In vain Nessa pleaded Murtagh's cause. Mr. Plunkett had covered himself again with his usual shell, and words had no effect.

At last she appealed to justice. "You ought to believe he is speaking the truth till you are quite sure he is not," she said. "You have not yet made any search among the people in the country."

"I am willing that every inquiry should be made, but I am perfectly convinced of his guilt, and so long as he remains hardened in denial, he must expect nothing but the utmost severity from me."

They had reached the gravel sweep that divided the park from the house, and he bowed and left her. As she entered the hall she met Murtagh, who had been watching her from Frankie's window, and who now came running down to know how little Marion was.

"Better," said Nessa, "much better."

"You're dreadfully tired, aren't you?" said Murtagh.

"Yes," said Winnie, "of course she must be after being up all night. Come along, Myrrh, we'll get her some tea. And you go and lie down in your room," she added.

"Thank you," said Nessa, stooping to kiss the little brown forehead. "Yes, I should like some tea." And as the two children ran away to the kitchen she passed up the stairs.

A few minutes later they appeared in her room with their little tray. They had arranged it after their own fashion, with a white napkin and a tiny blue vase full of flowers.
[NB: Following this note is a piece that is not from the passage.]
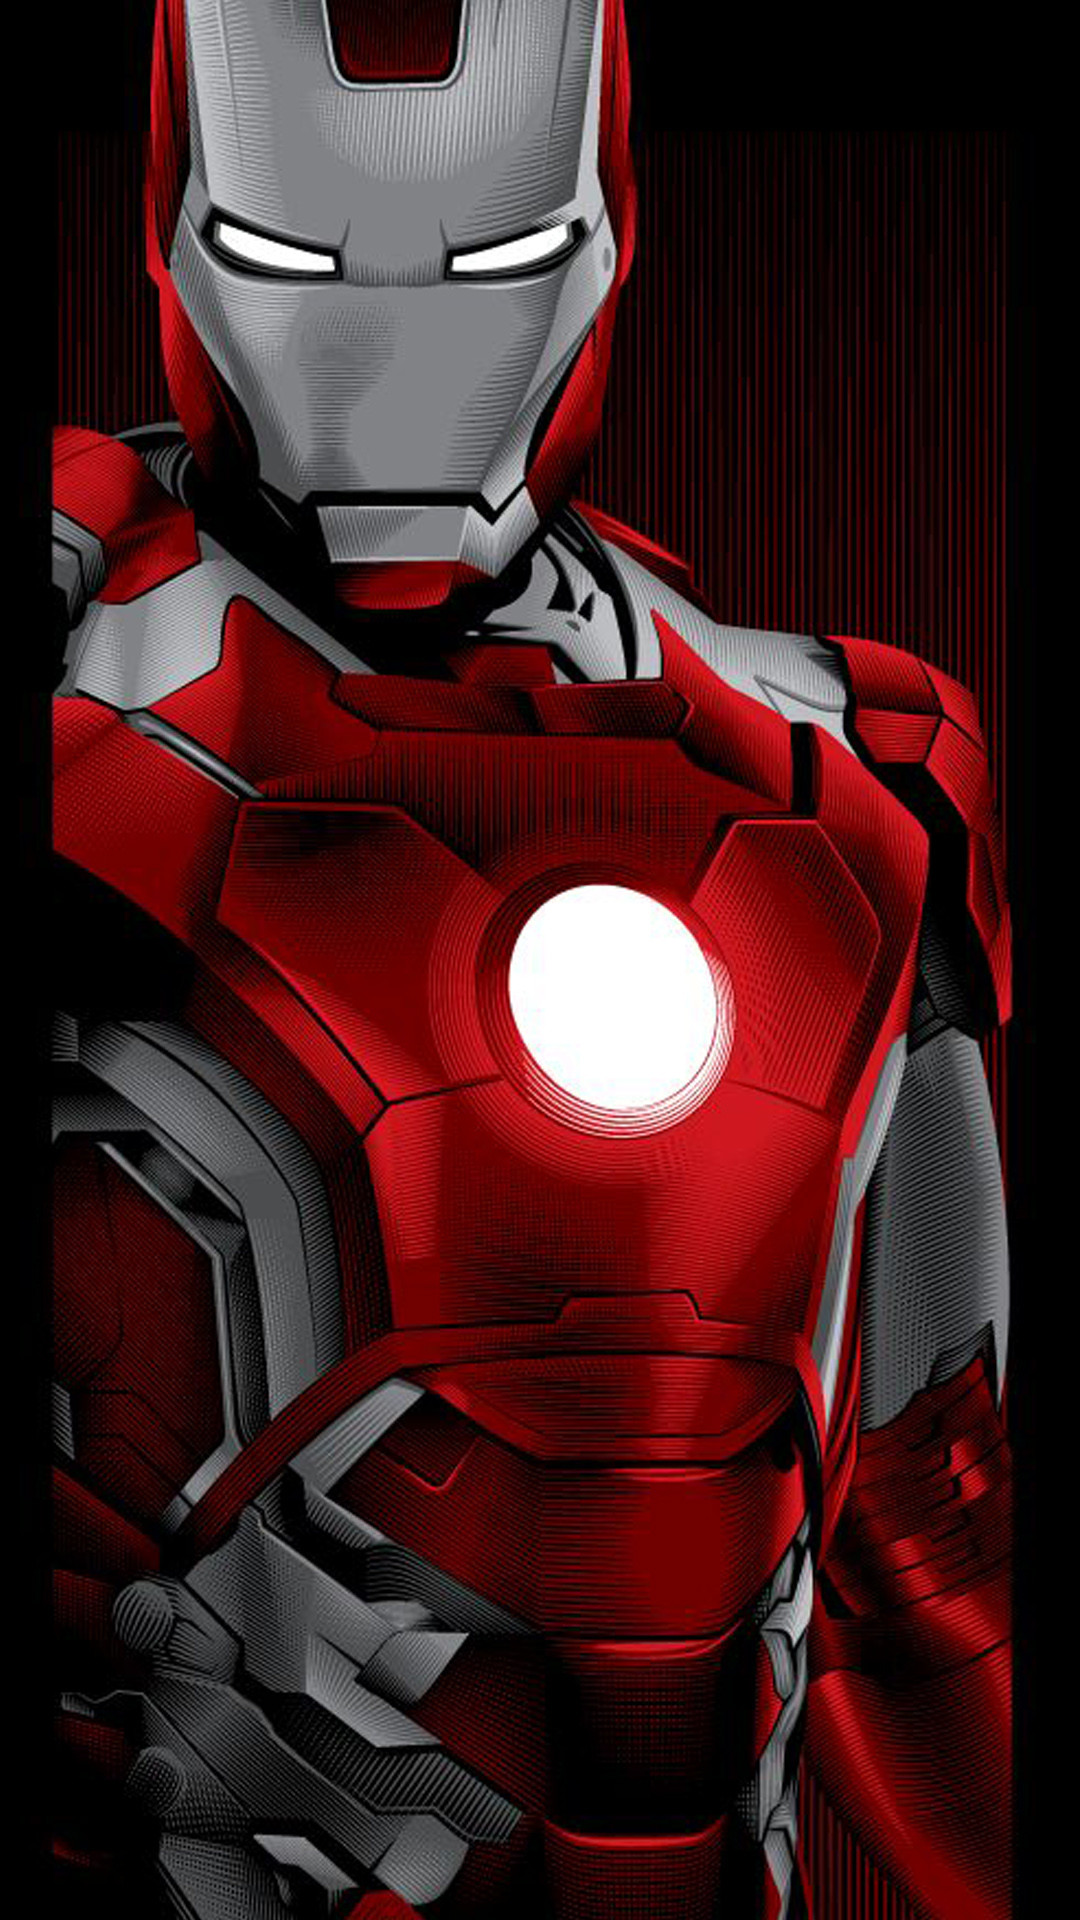 1080x1920 Iron Man cloud 9 iphone wallpaper

Winnie's cheeks were rosy with the making of toast, and while Nessa drank her tea and admired the flowers the two children watched her radiantly.

"We made it all ourselves," exclaimed Winnie, when the first cup was nearly finished. "Donnie wasn't there, but we knew the water was boiling, because the top of the kettle was bobbing up and down." Nessa asked for a second cup, and the delighted children were as happy as little kings because she found their tea so good.